- Required work: Would you please transcribe the records below exactly, leaving out the pictures?
BEGIN
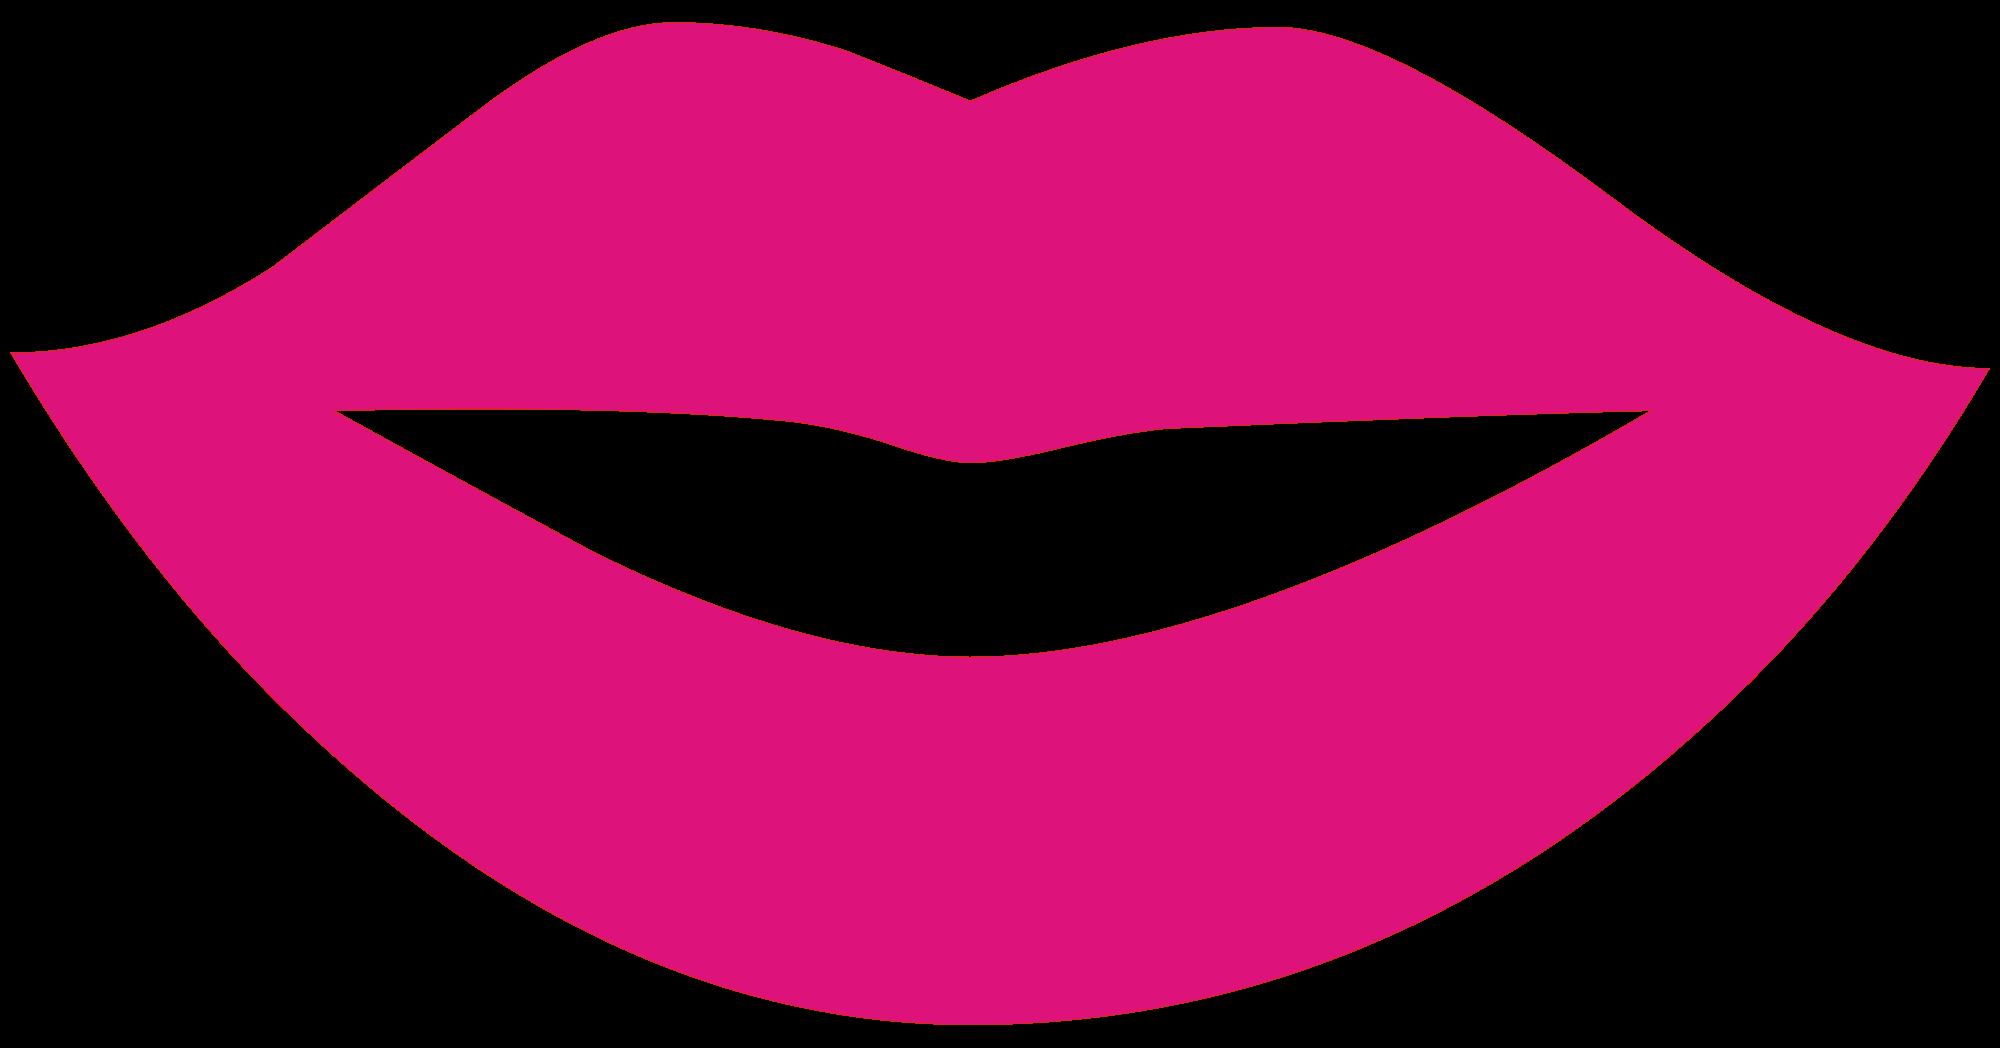 Lips vector png.
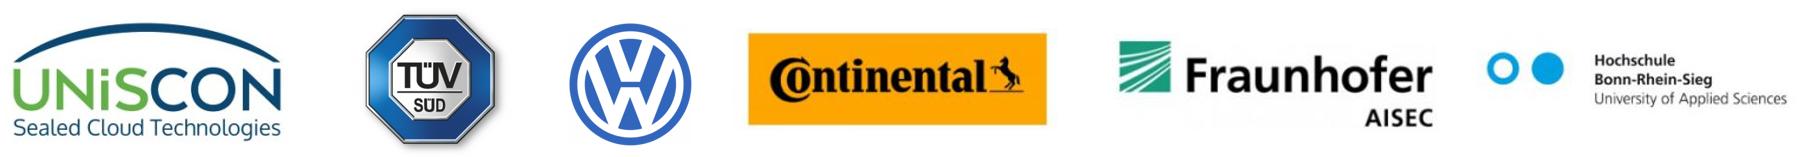 Logo Reihe carbits
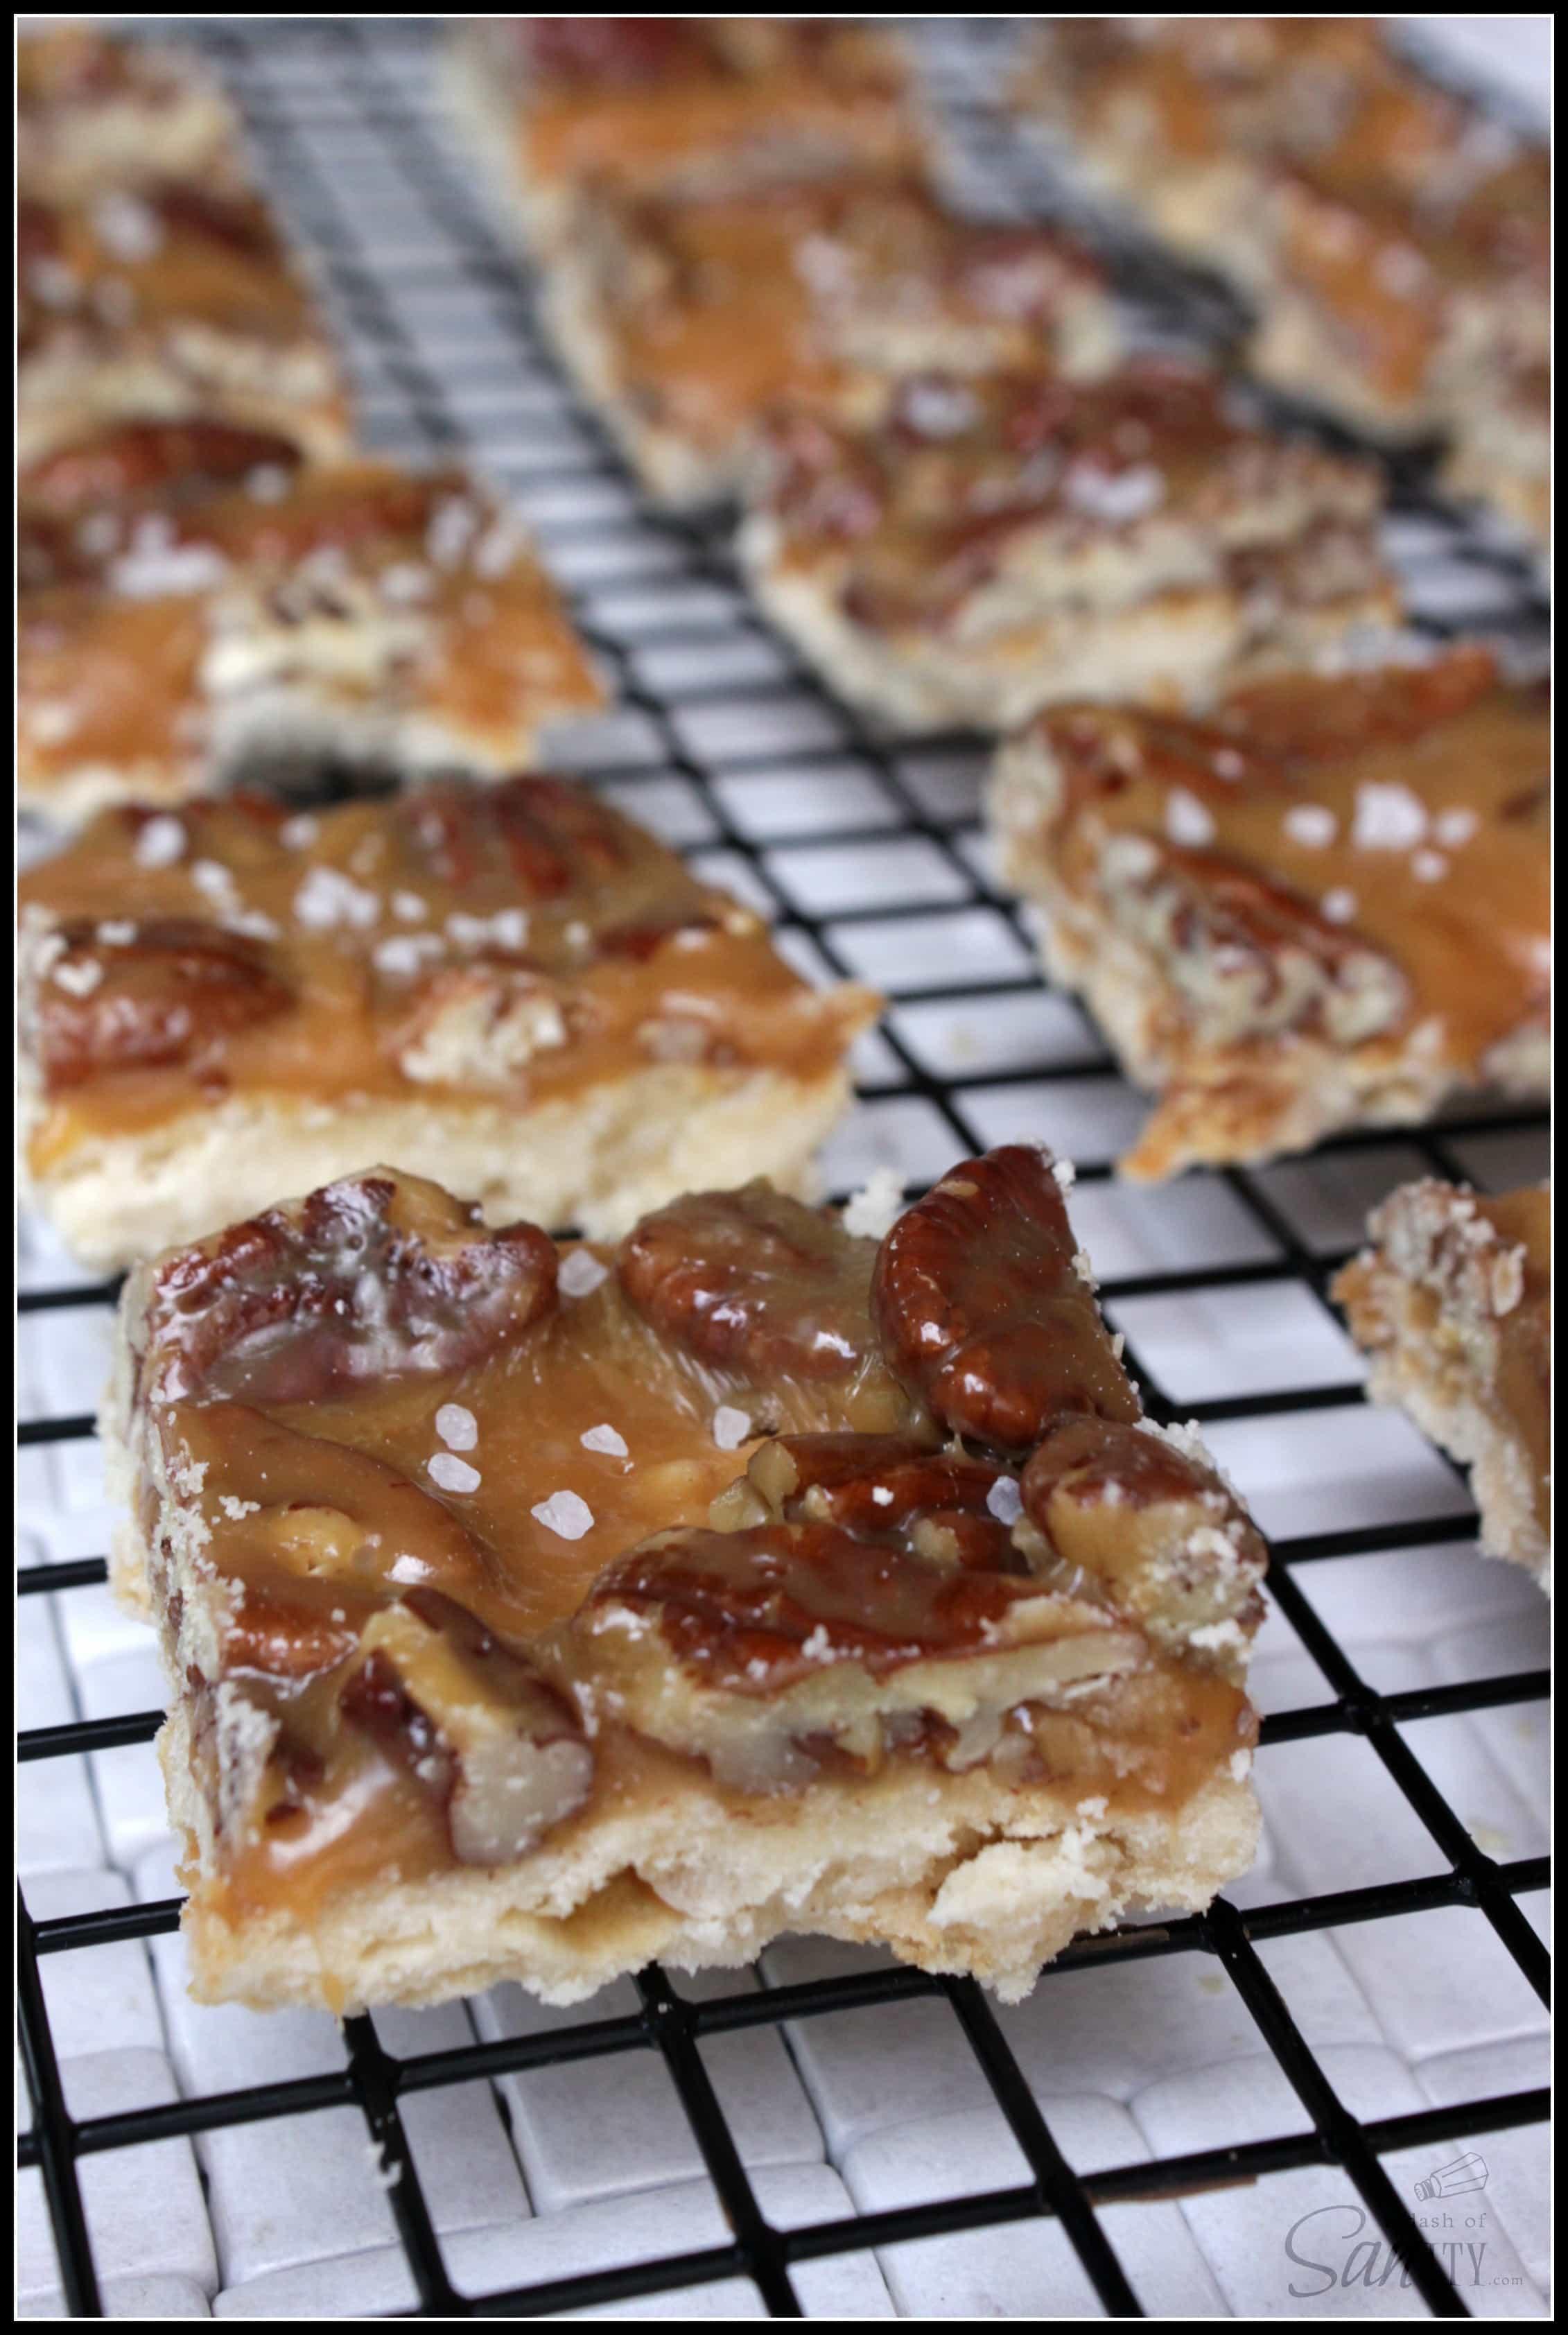 http://www.adashofsanity.com/2014/03/caramel-pecan-shortbread-bars/
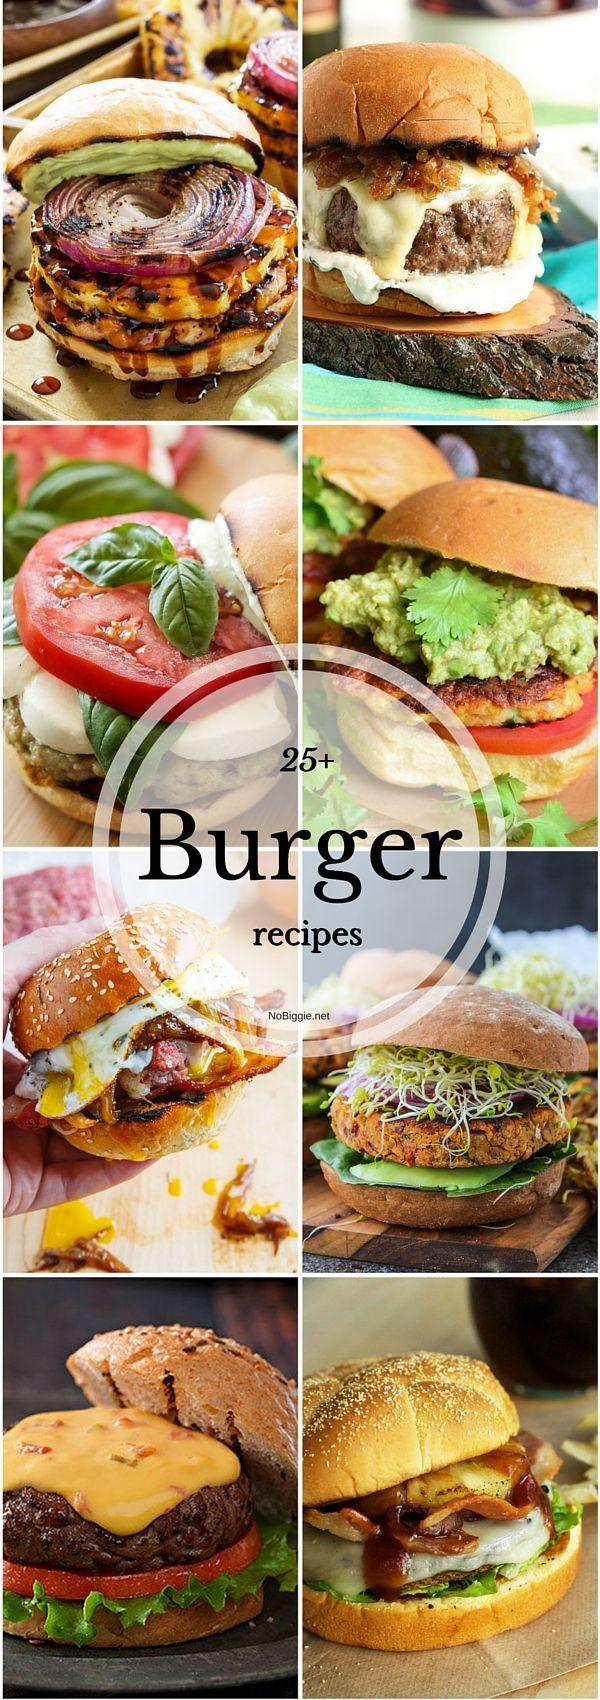 25+ Burger recipes | NoBiggie.net
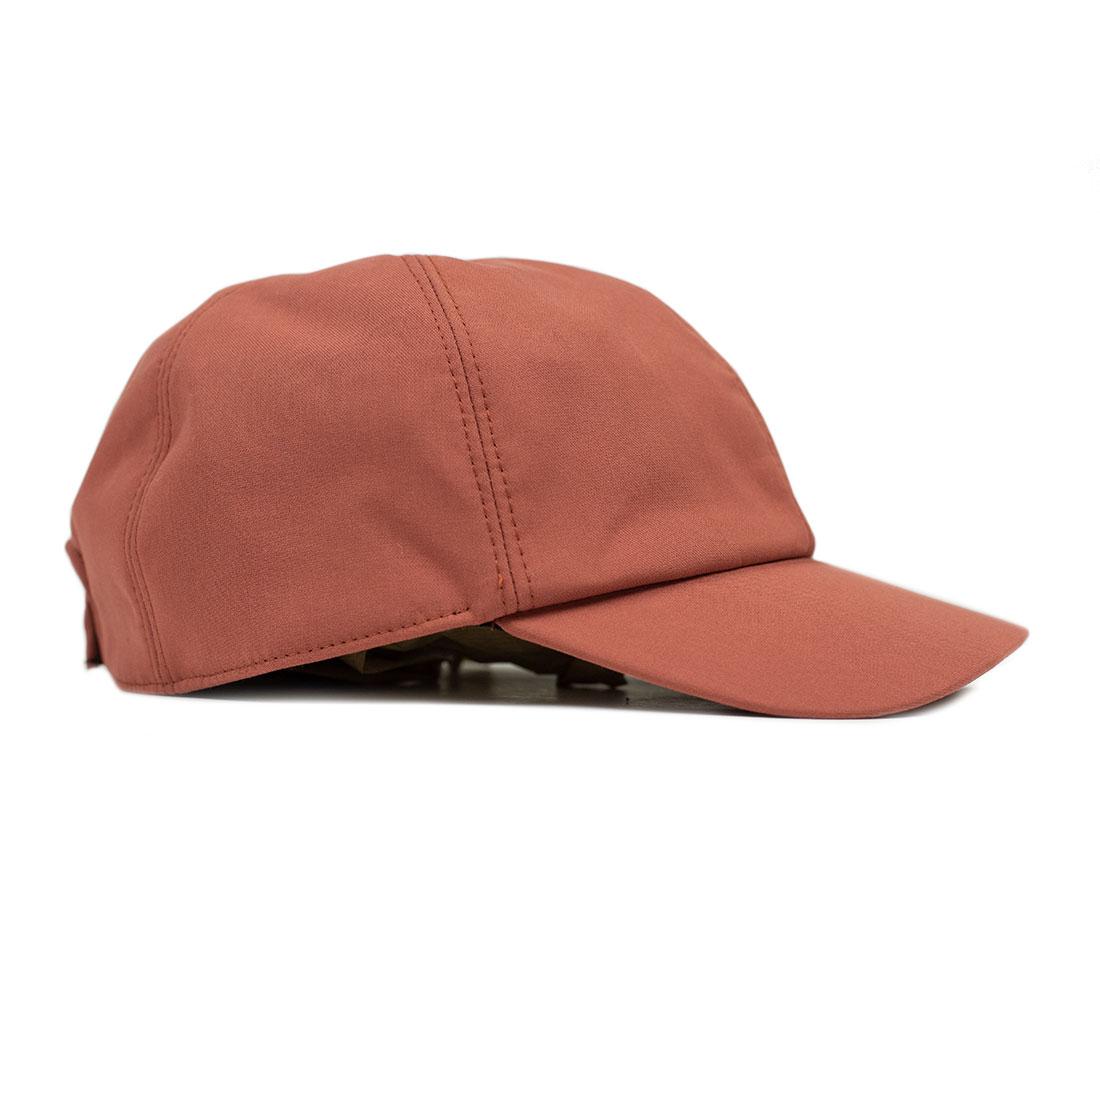 Stephan Schneider Spring Summer 2021 SS21 Cap Baseball Hat (2).jpg
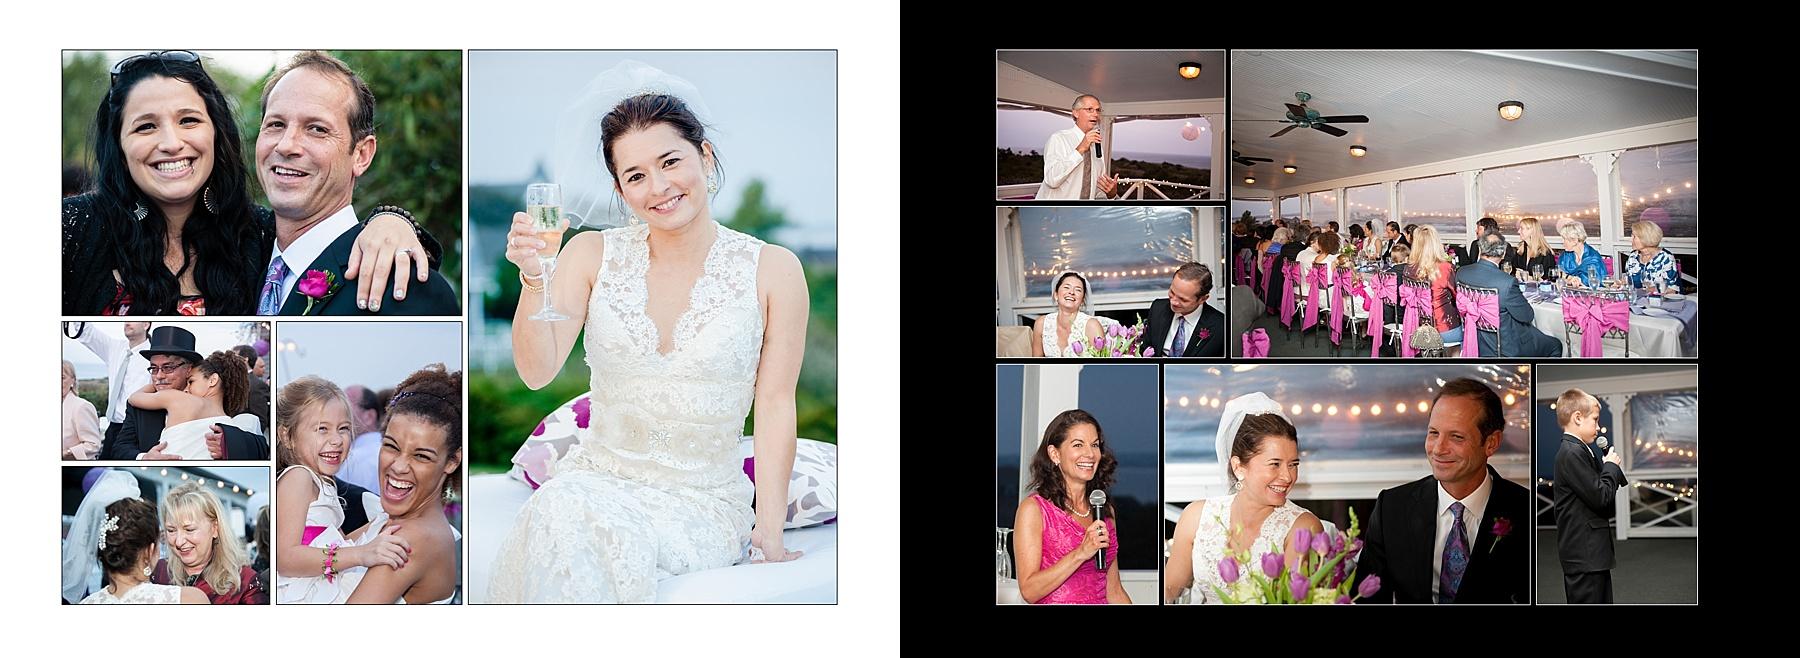 spread15_Wedding Album_Block Island RI WEB.jpg
END
- Solution for this task:
 Lips vector png.
 Logo Reihe carbits
 http://www.adashofsanity.com/2014/03/caramel-pecan-shortbread-bars/
 25+ Burger recipes | NoBiggie.net
 Stephan Schneider Spring Summer 2021 SS21 Cap Baseball Hat (2).jpg
 spread15_Wedding Album_Block Island RI WEB.jpg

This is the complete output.